Устименко промолчал.
– А мне этот Мальчиков представлялся, все шесть дней, – сказал Цветков. – Предколхоза этот. Как он мне…
Цветков не договорил, задохнулся. Прошло много времени, Володя уже думал, что командир заснул, но тот внезапно заговорил опять:
– Мужик ясный, а знаете, что он мне сказал, Володя? Он мне сказал из «Интернационала». Слова.
– Какие же?
– Никто… не даст нам избавленья… ни бог, ни царь и не герой… добьемся мы освобожденья… своею собственной рукой…
– Ну? – не понял Устименко.
– А ты, говорит, лезешь… в избавители… убил нам…
– Перестаньте, Костя, – попросил Устименко. – Очень вас прошу, перестаньте. Вам нельзя нынче об этом.
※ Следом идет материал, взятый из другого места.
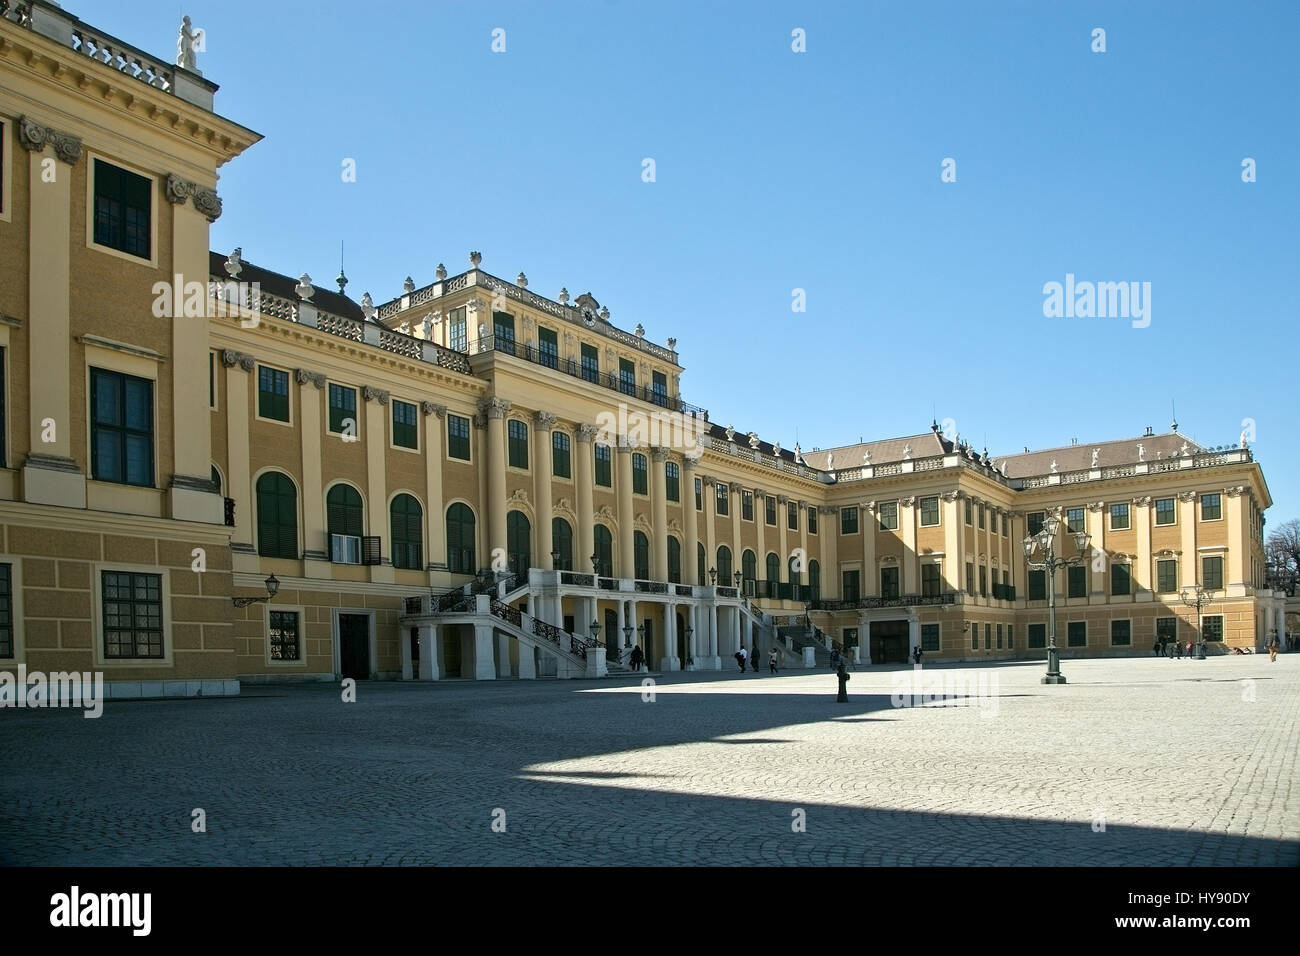 Schonbrunn Palace, Vienna. - Stock Image

В сырой и мозглой тьме их братской могилы он нашел запястье Цветкова и посчитал пульс. Ничего особо утешительного не было. К утру Цветков опять впал в забытье, и когда его понесли дальше, он вновь рвался с носилок, невнятно бредил и пытался командовать боем.
К сумеркам отряд вышел на железнодорожную ветку Смородинцы – Шустове. Романюк нервничал, никак не мог принять окончательное решение, советовался сначала с теми, кто постарше, потом с молодежью. Володя слышал, как Бабийчук выразился про дядю Мишу:
– Засбоила наша конница!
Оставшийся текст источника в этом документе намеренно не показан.